Exercise brief
Return all the lines below exactly as written. Drop every picture.

Input data
========================================
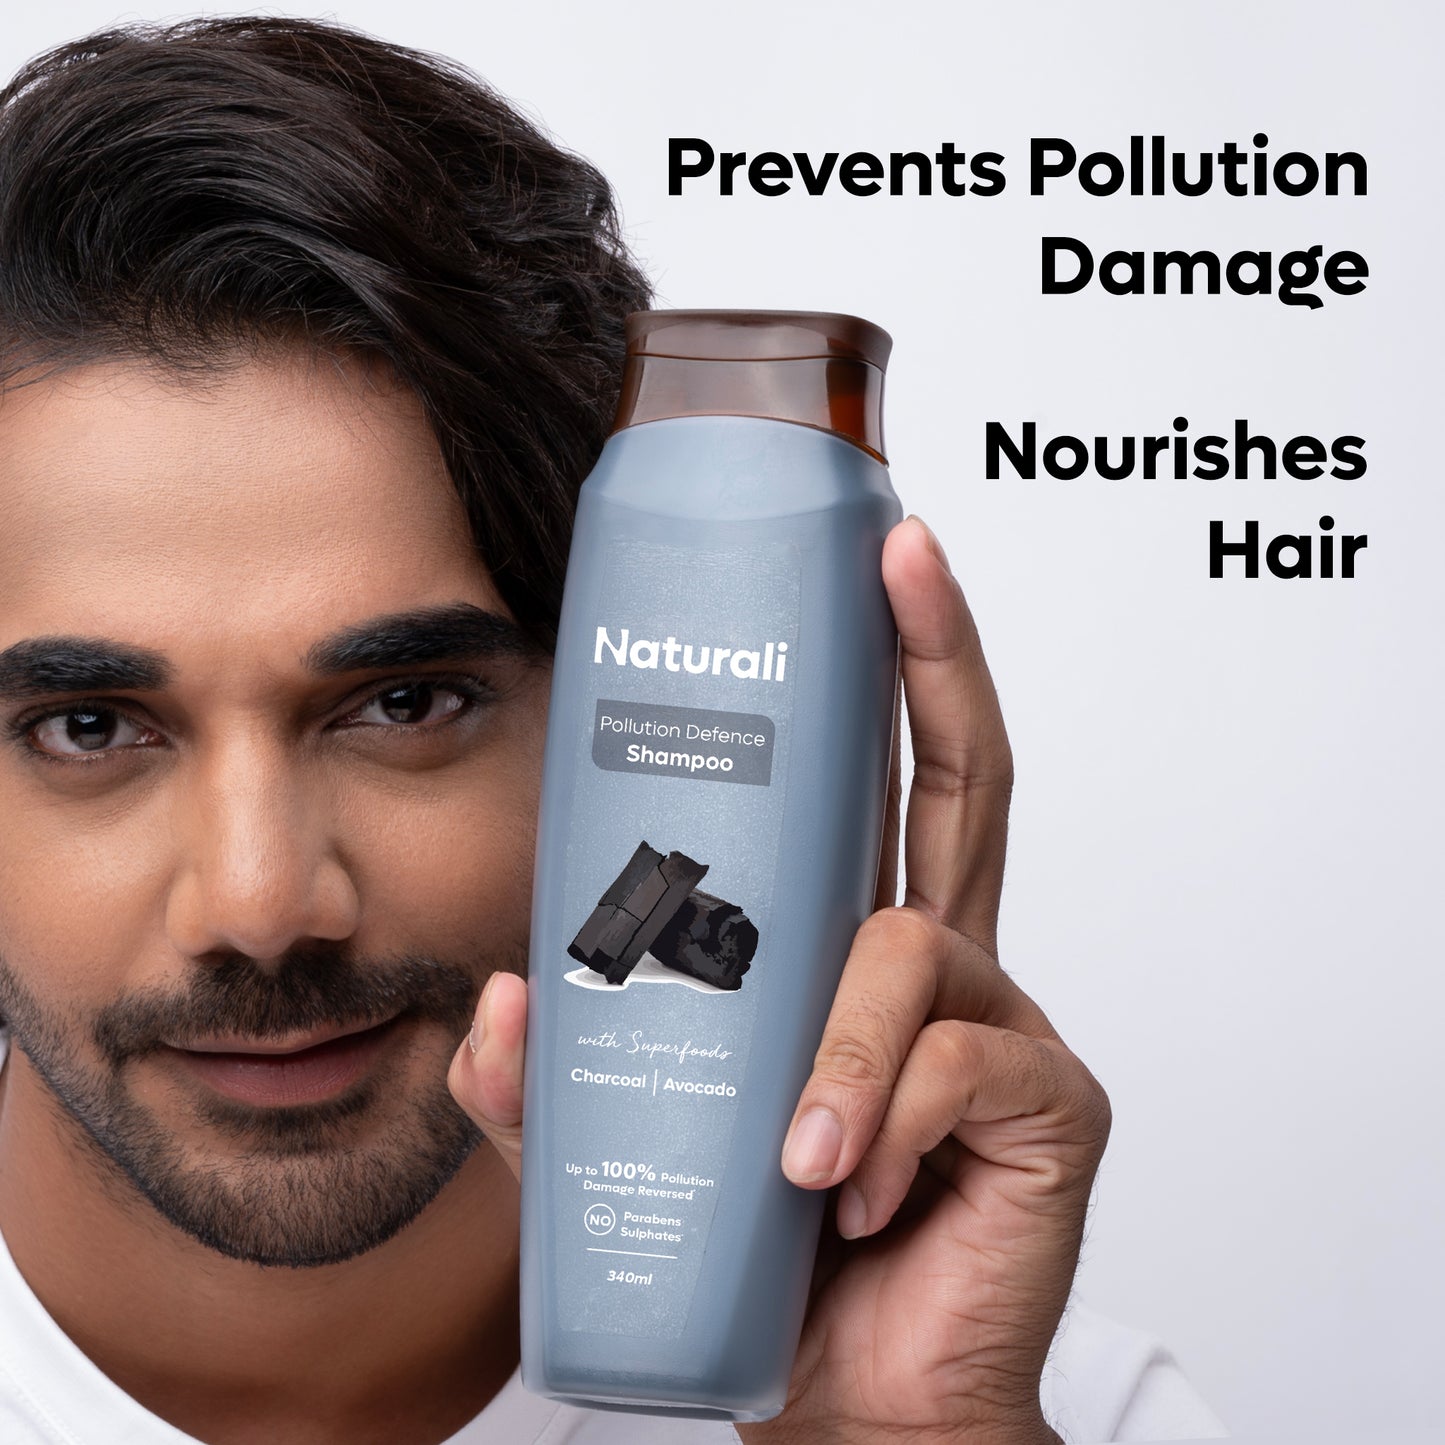 Pollution Defence Shampoo
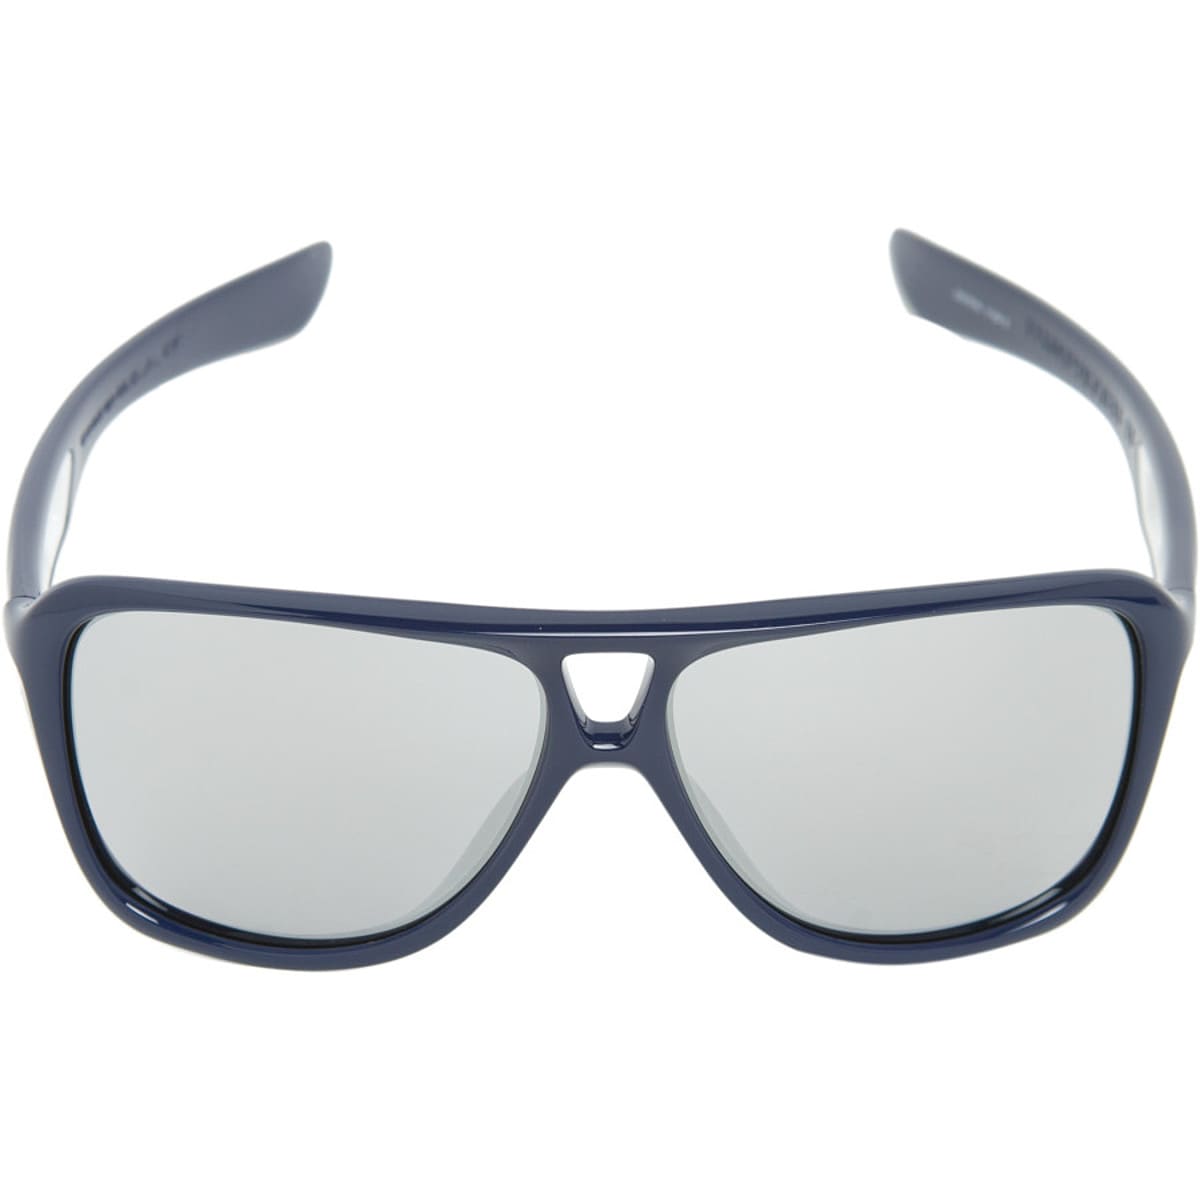 Oakley Dispatch II Sunglasses - Accessories
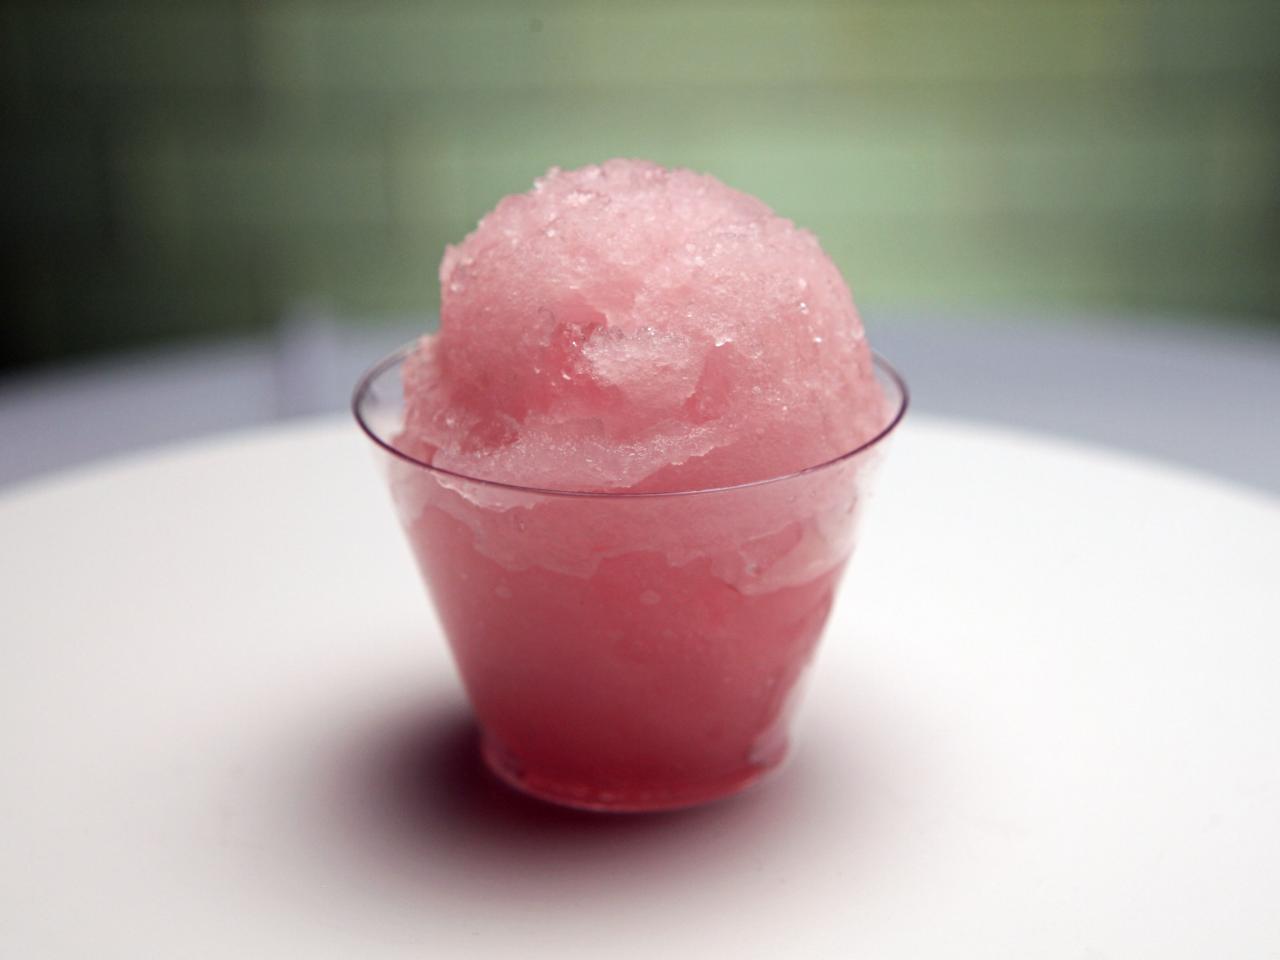 Strawberry Lemonade Dream Shave Ice
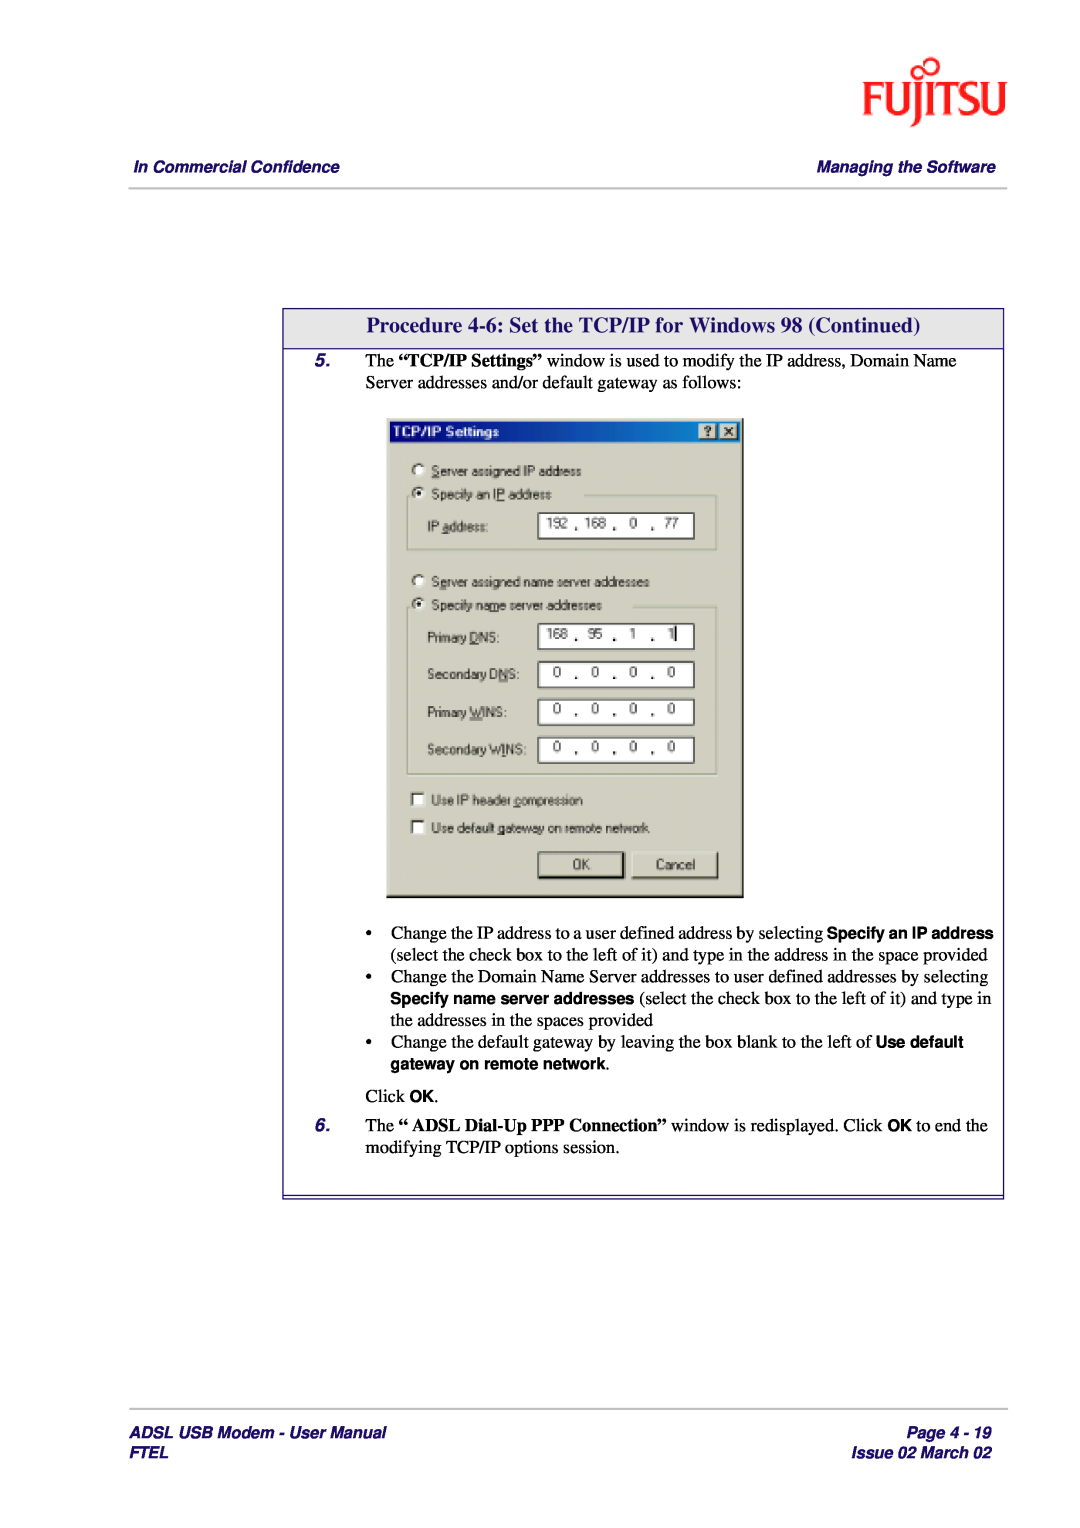 Fujitsu 3XAX-00803AAS user manual Procedure 4-6 Set the TCP/IP for Windows 98 Continued, Click OK 
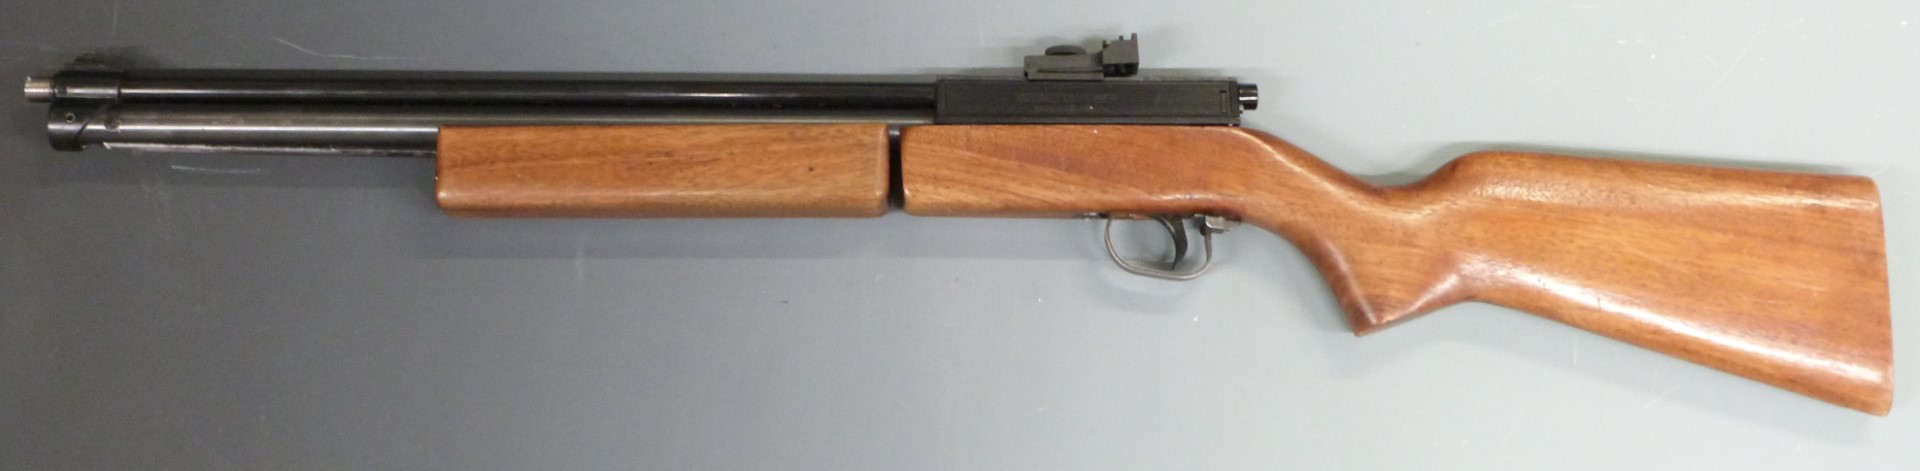 Sharp Innova II Japanese .22 air rifle with semi-pistol grip, adjustable trigger and adjustable - Image 2 of 3
========================================
Task answer
 Pollution Defence Shampoo
 Oakley Dispatch II Sunglasses - Accessories
 Strawberry Lemonade Dream Shave Ice
 Fujitsu 3XAX-00803AAS user manual Procedure 4-6 Set the TCP/IP for Windows 98 Continued, Click OK 
 Sharp Innova II Japanese .22 air rifle with semi-pistol grip, adjustable trigger and adjustable - Image 2 of 3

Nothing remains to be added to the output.